> Task details: Nothing but the text should be carried over: reproduce all the data exactly and leave out every image.

> Stored data:
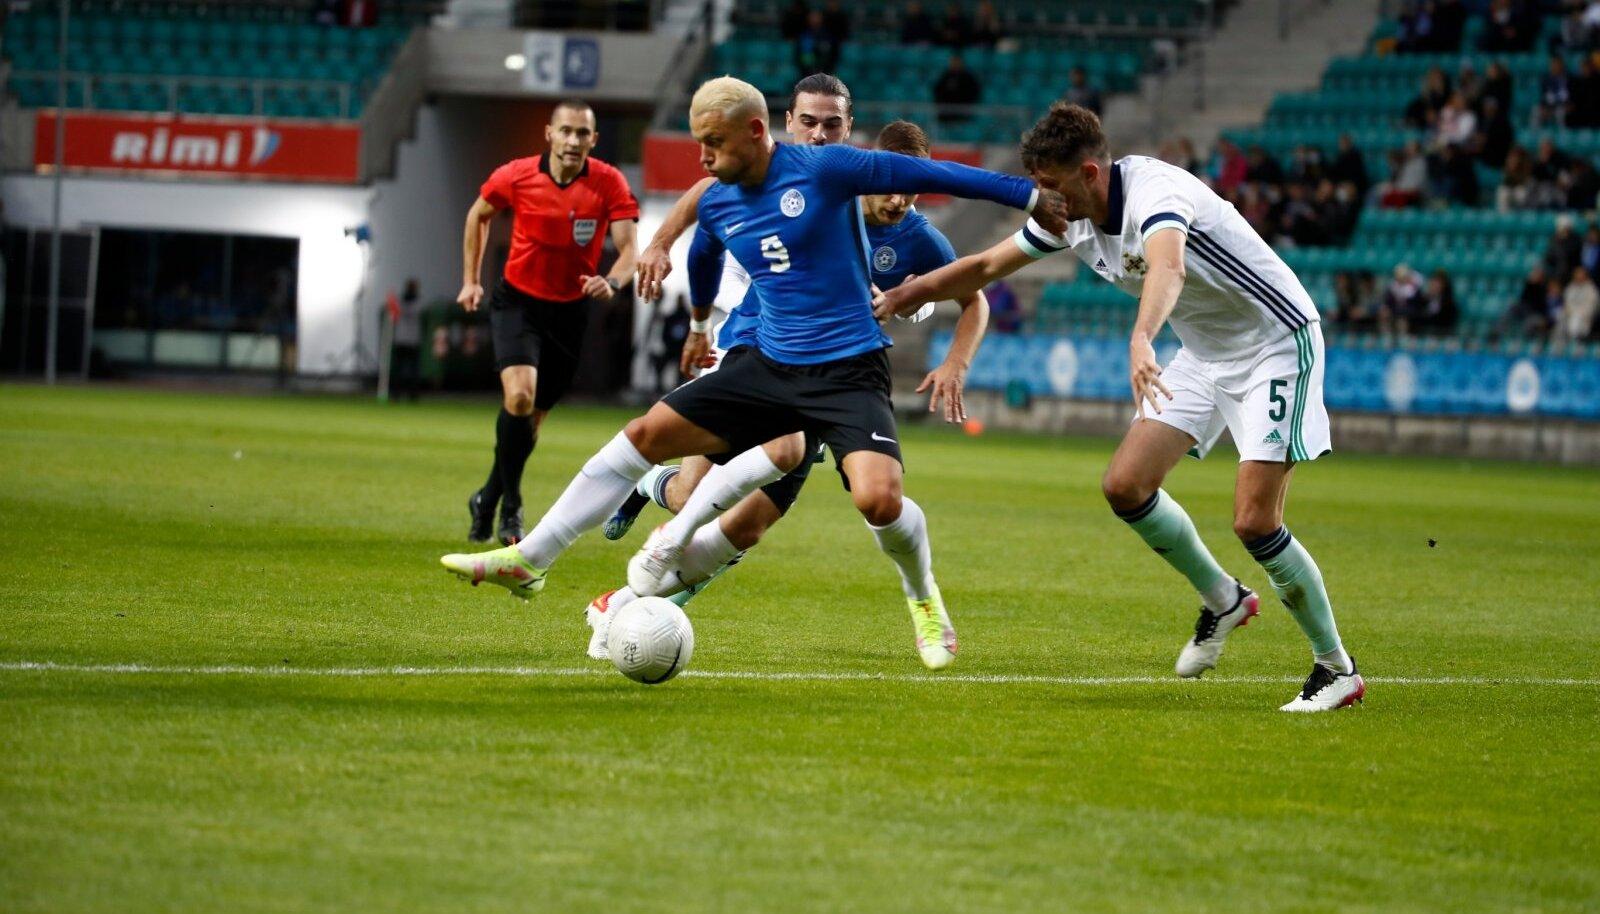 Eesti koondis sai teise kaotuse järjest. Seekord jäi puudu rünnakuteravust. Eelkõige viimases söödus, nii et pall ei jõudnud ründajateni (pildil Erik Sorga) ohtlikus positsioonis.
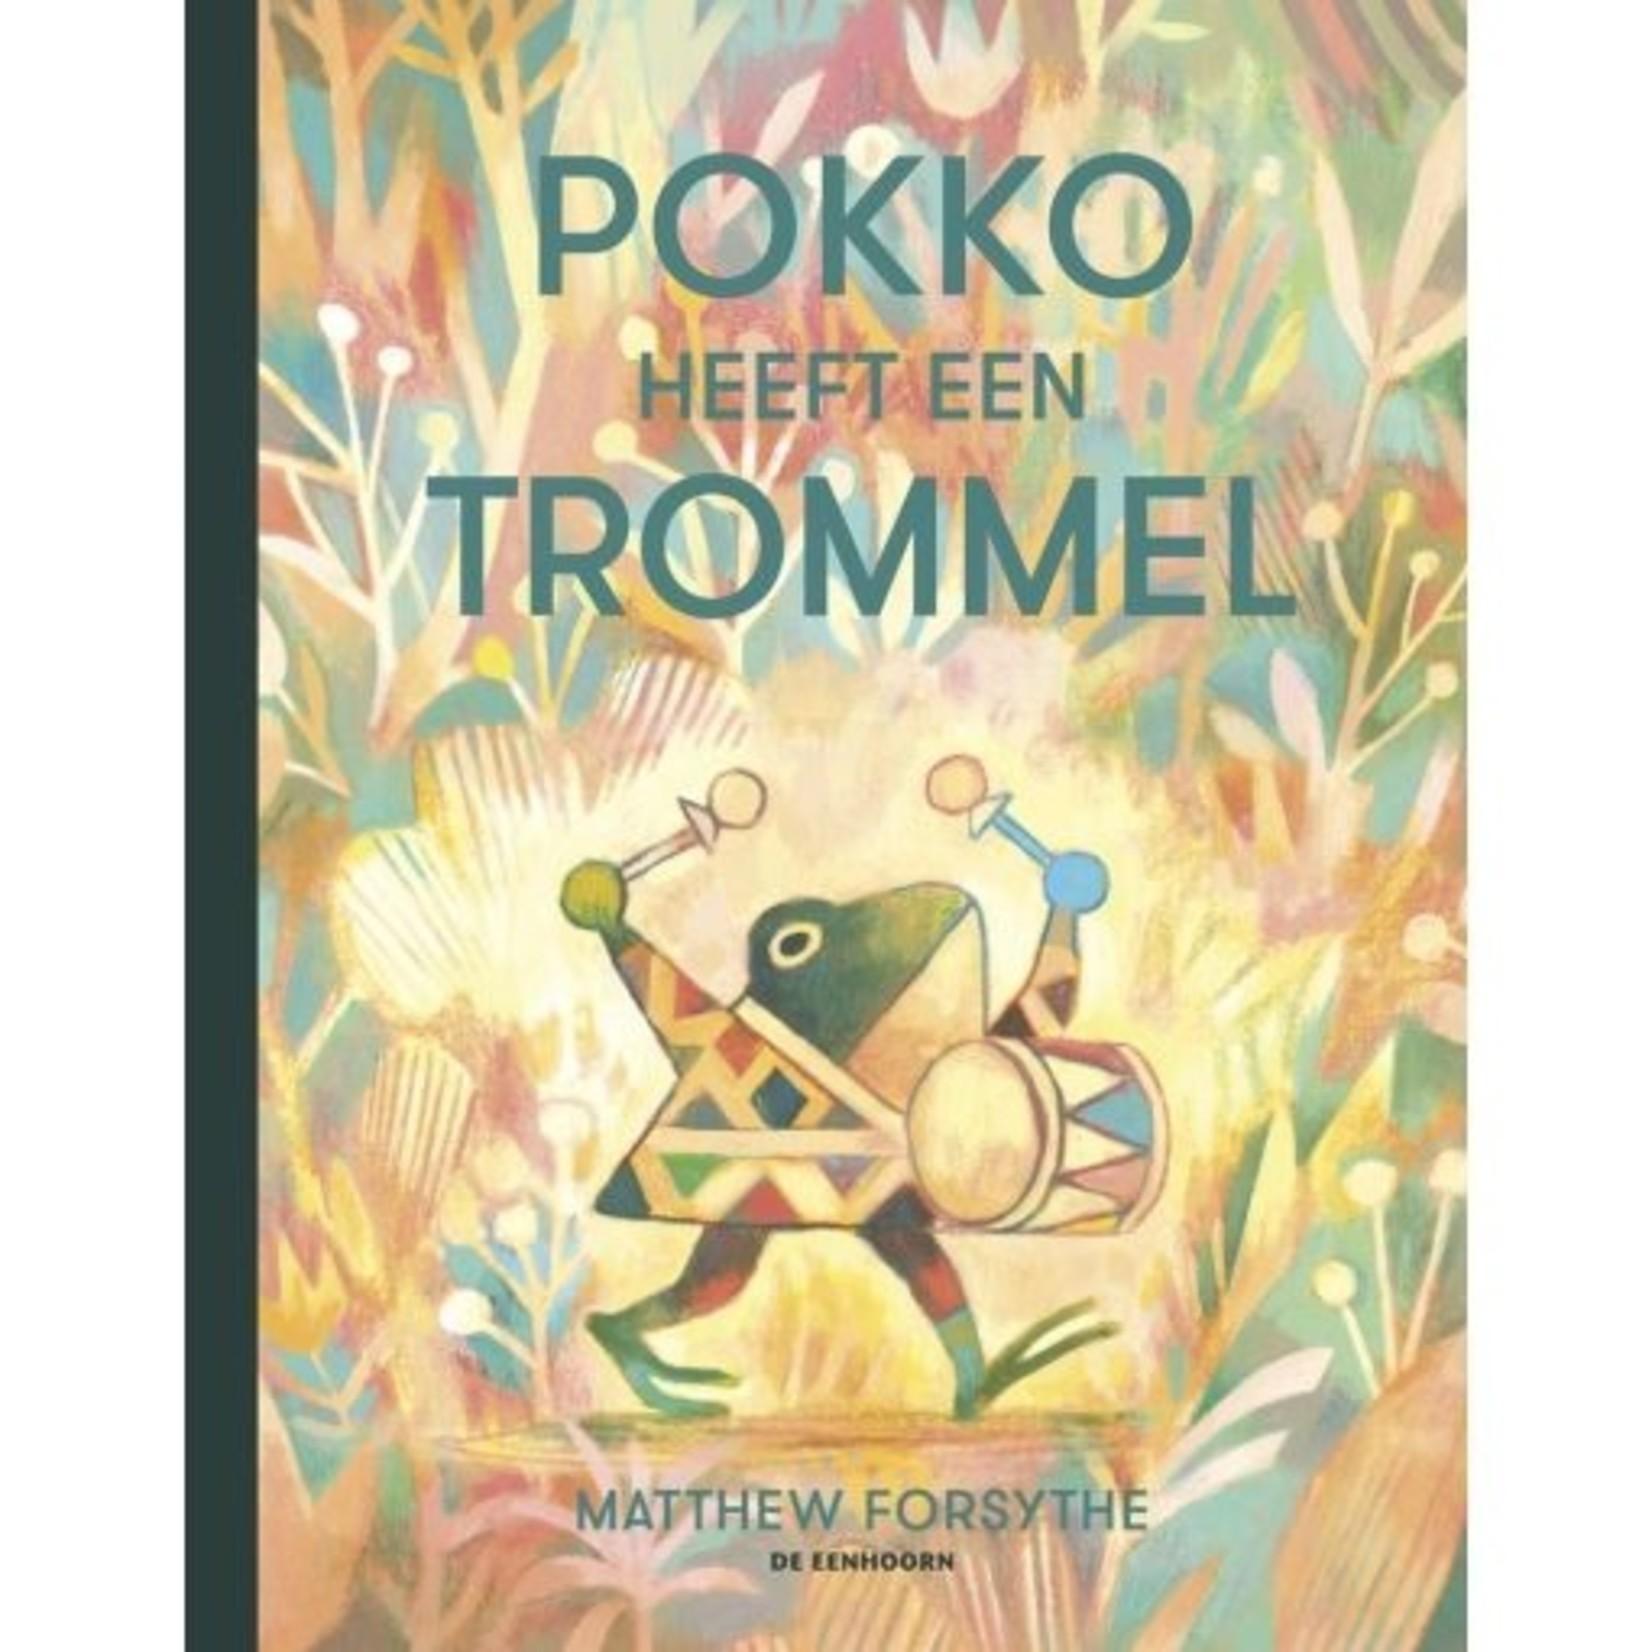 de eenhoorn Pokko heeft een trommel Matthew Forsythe
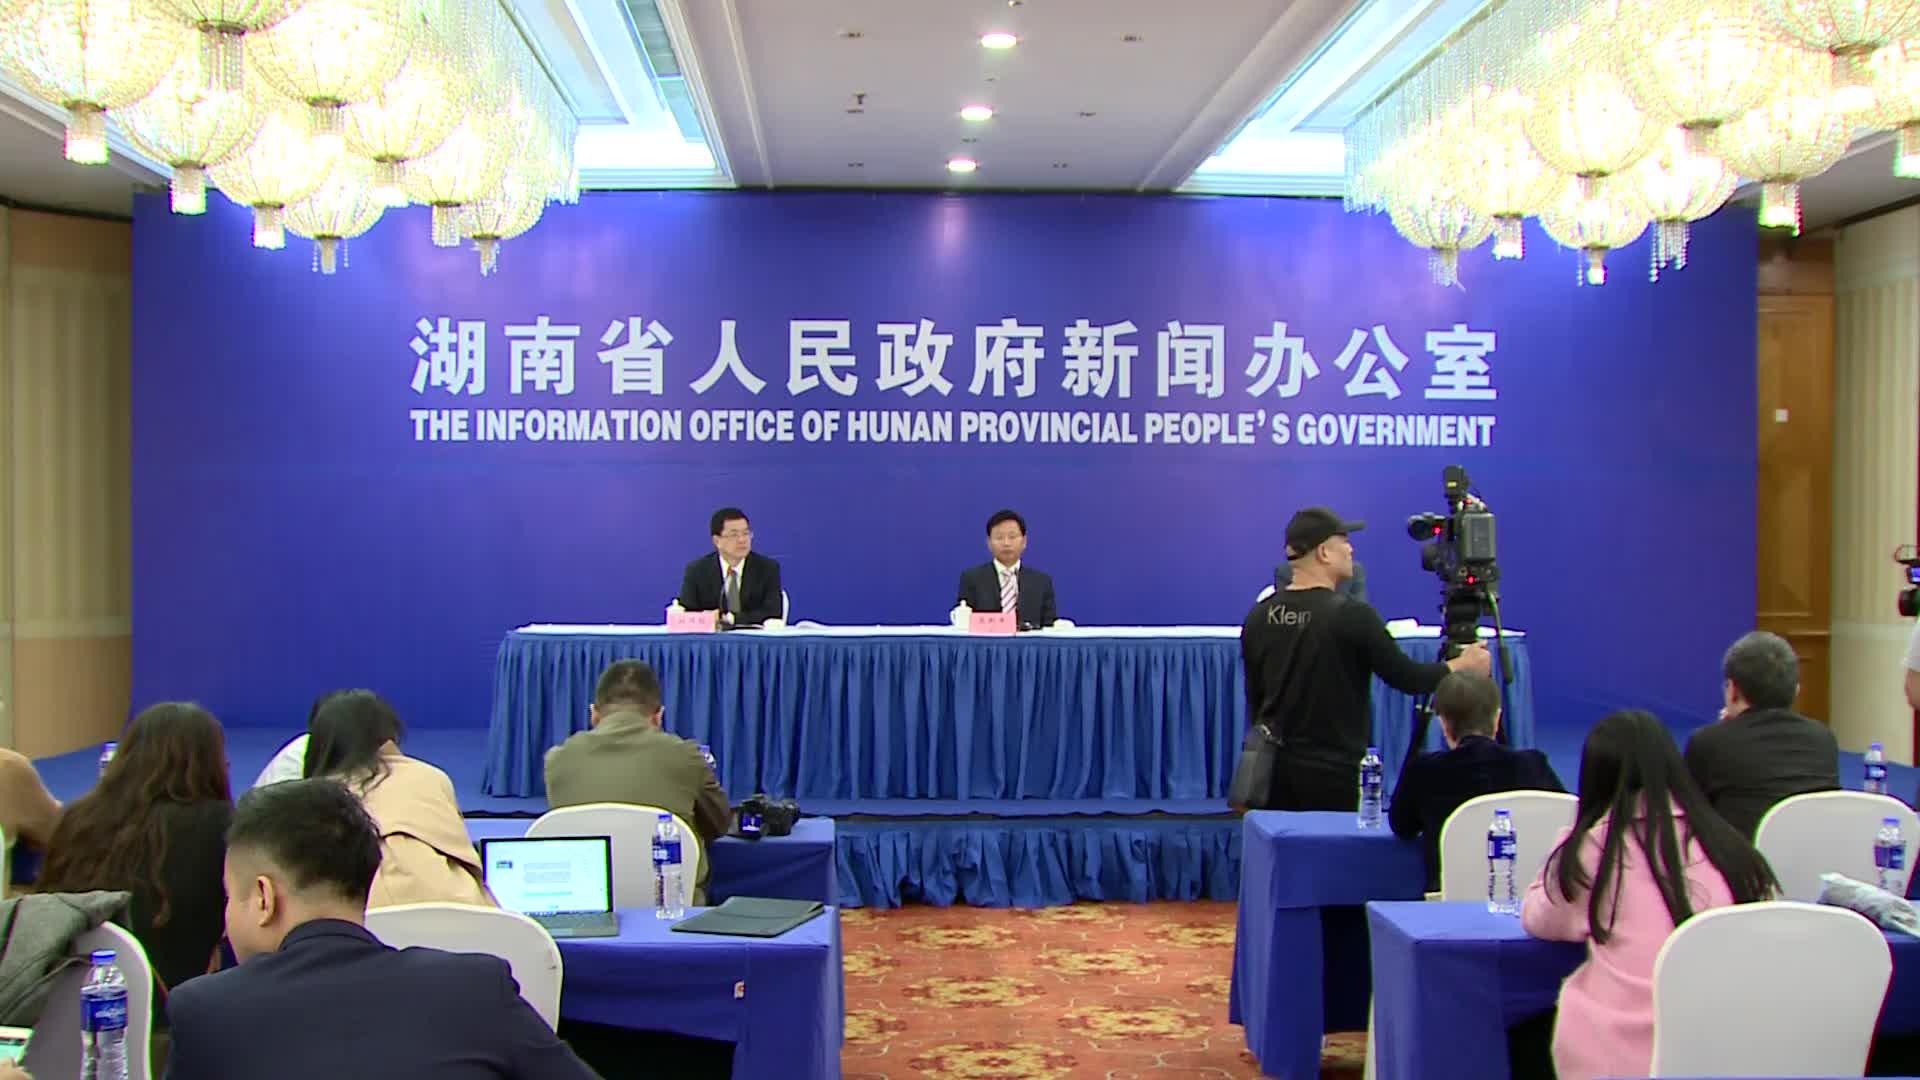 【全程回放】2018年亚太低碳技术高峰论坛新闻发布会
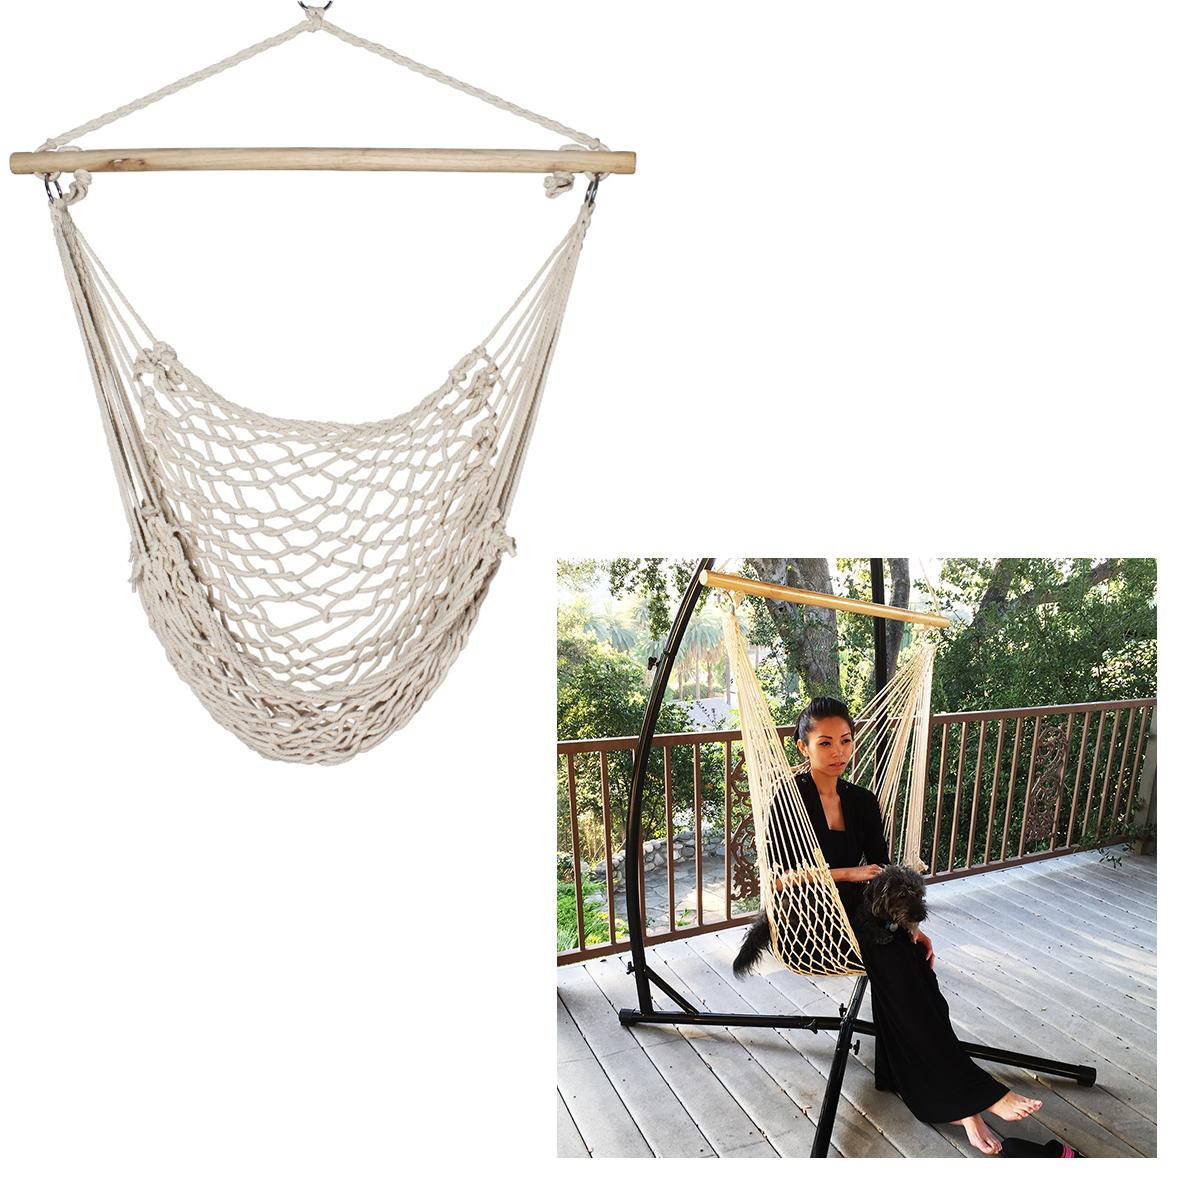 New Porch Beige Cotton Swing Rope Hammock Patio Garden Air

> Answer space:
 Eesti koondis sai teise kaotuse järjest. Seekord jäi puudu rünnakuteravust. Eelkõige viimases söödus, nii et pall ei jõudnud ründajateni (pildil Erik Sorga) ohtlikus positsioonis.
 de eenhoorn Pokko heeft een trommel Matthew Forsythe
 【全程回放】2018年亚太低碳技术高峰论坛新闻发布会
 New Porch Beige Cotton Swing Rope Hammock Patio Garden Air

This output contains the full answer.